Quote the lines below from the one containing "Charlotte Flair is wrestling royalty!" to the final line, both ends included; exclude the pictures.

- Dataset section
============================================================
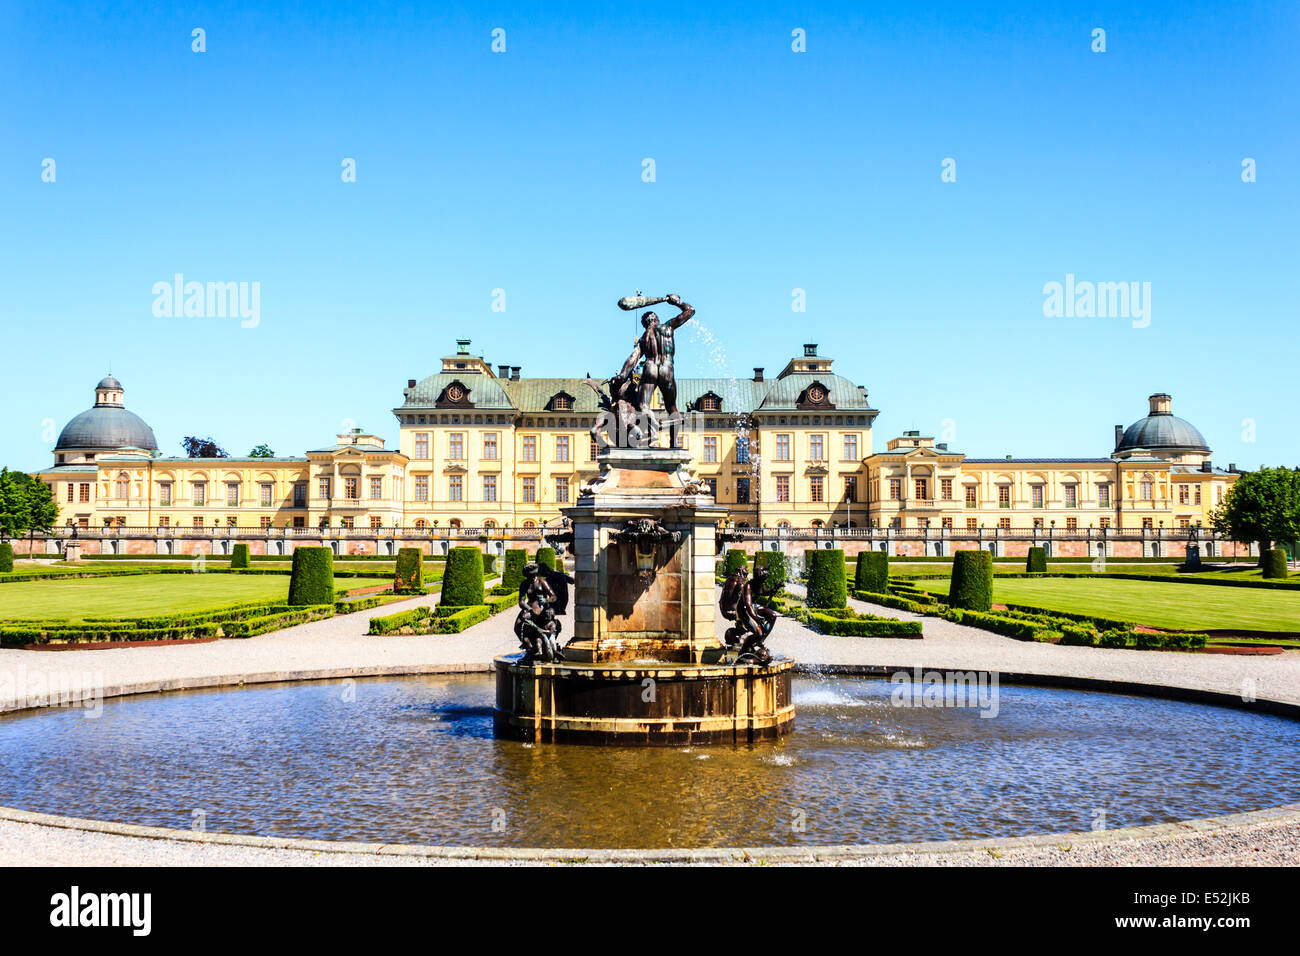 Fountain in front of Drottningholms slott (royal palace) outside of Stockholm, Sweden Stock Photo
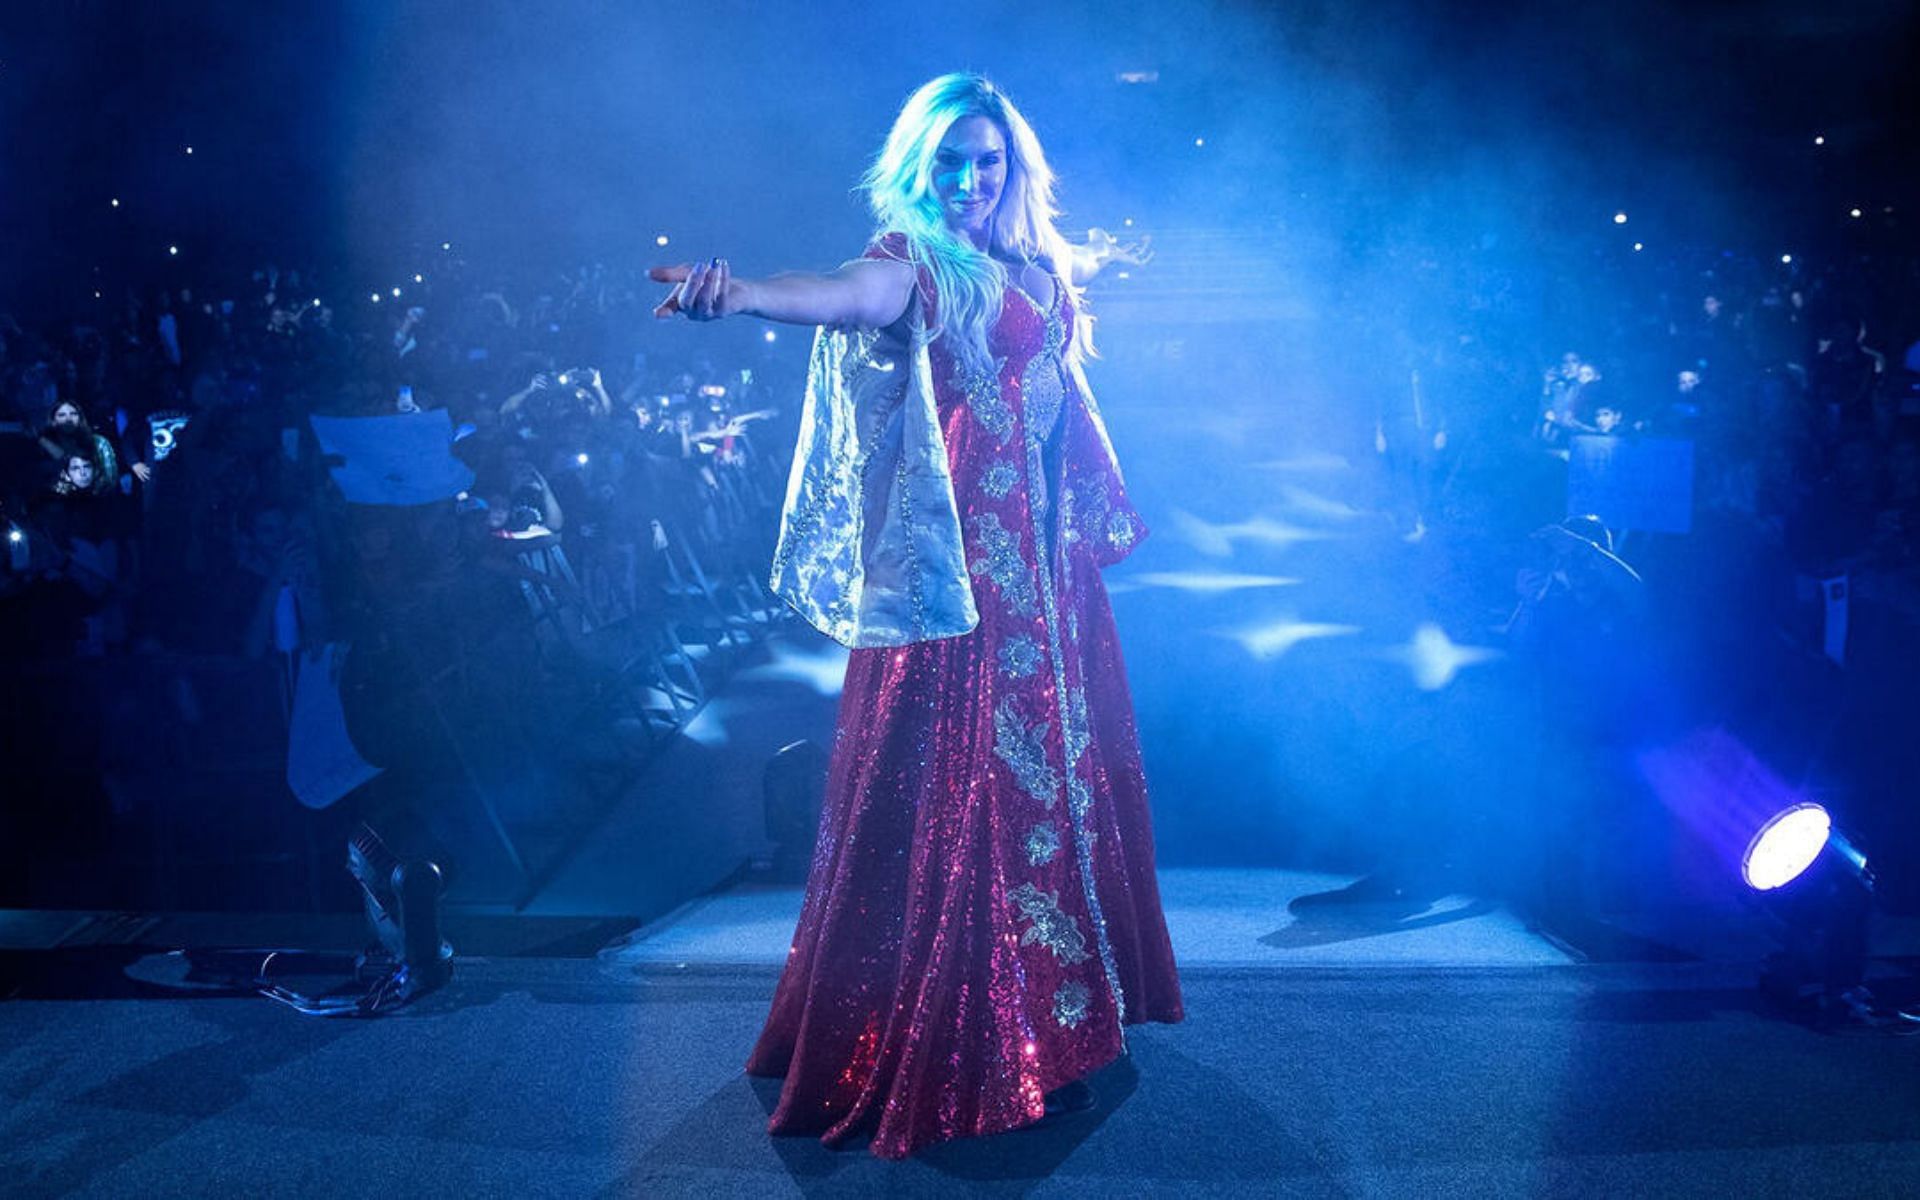 Charlotte Flair is wrestling royalty!
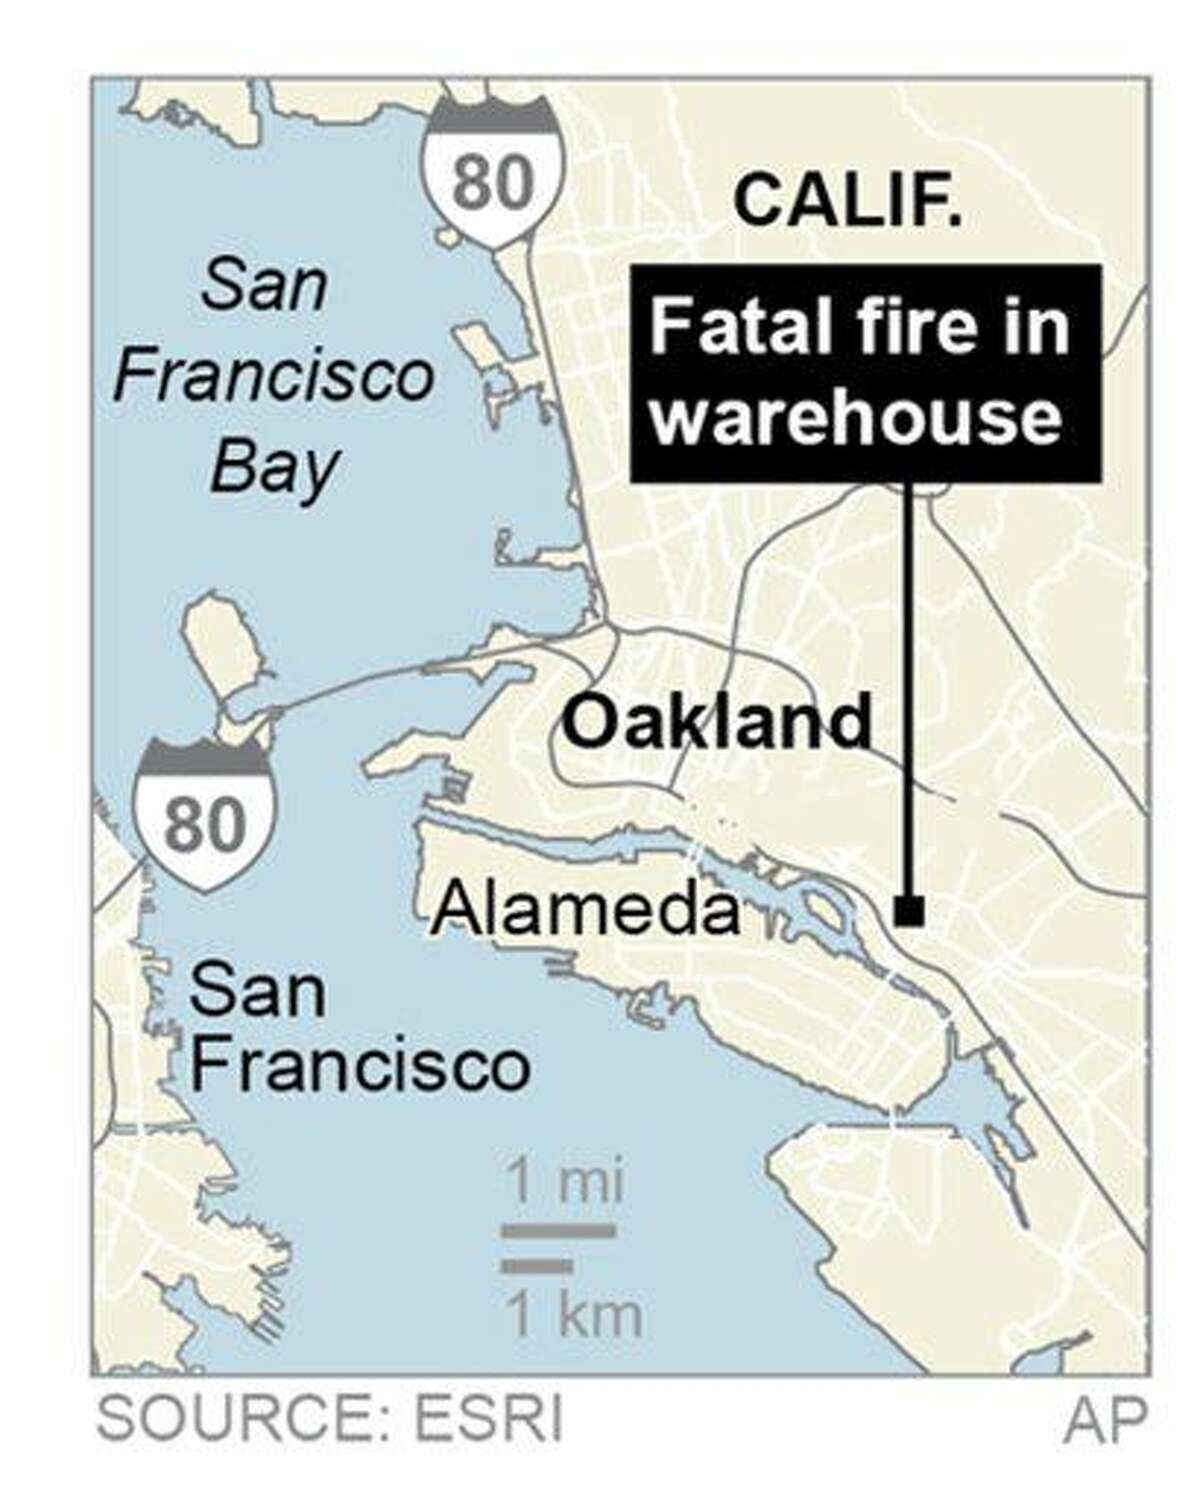 San Francisco Bay Area authorities say a fire has broken out at an Oakland warehouse.; 1c x 4 inches; 46.5 mm x 101 mm;
============================================================
- Problem solution
 Charlotte Flair is wrestling royalty!
 San Francisco Bay Area authorities say a fire has broken out at an Oakland warehouse.; 1c x 4 inches; 46.5 mm x 101 mm;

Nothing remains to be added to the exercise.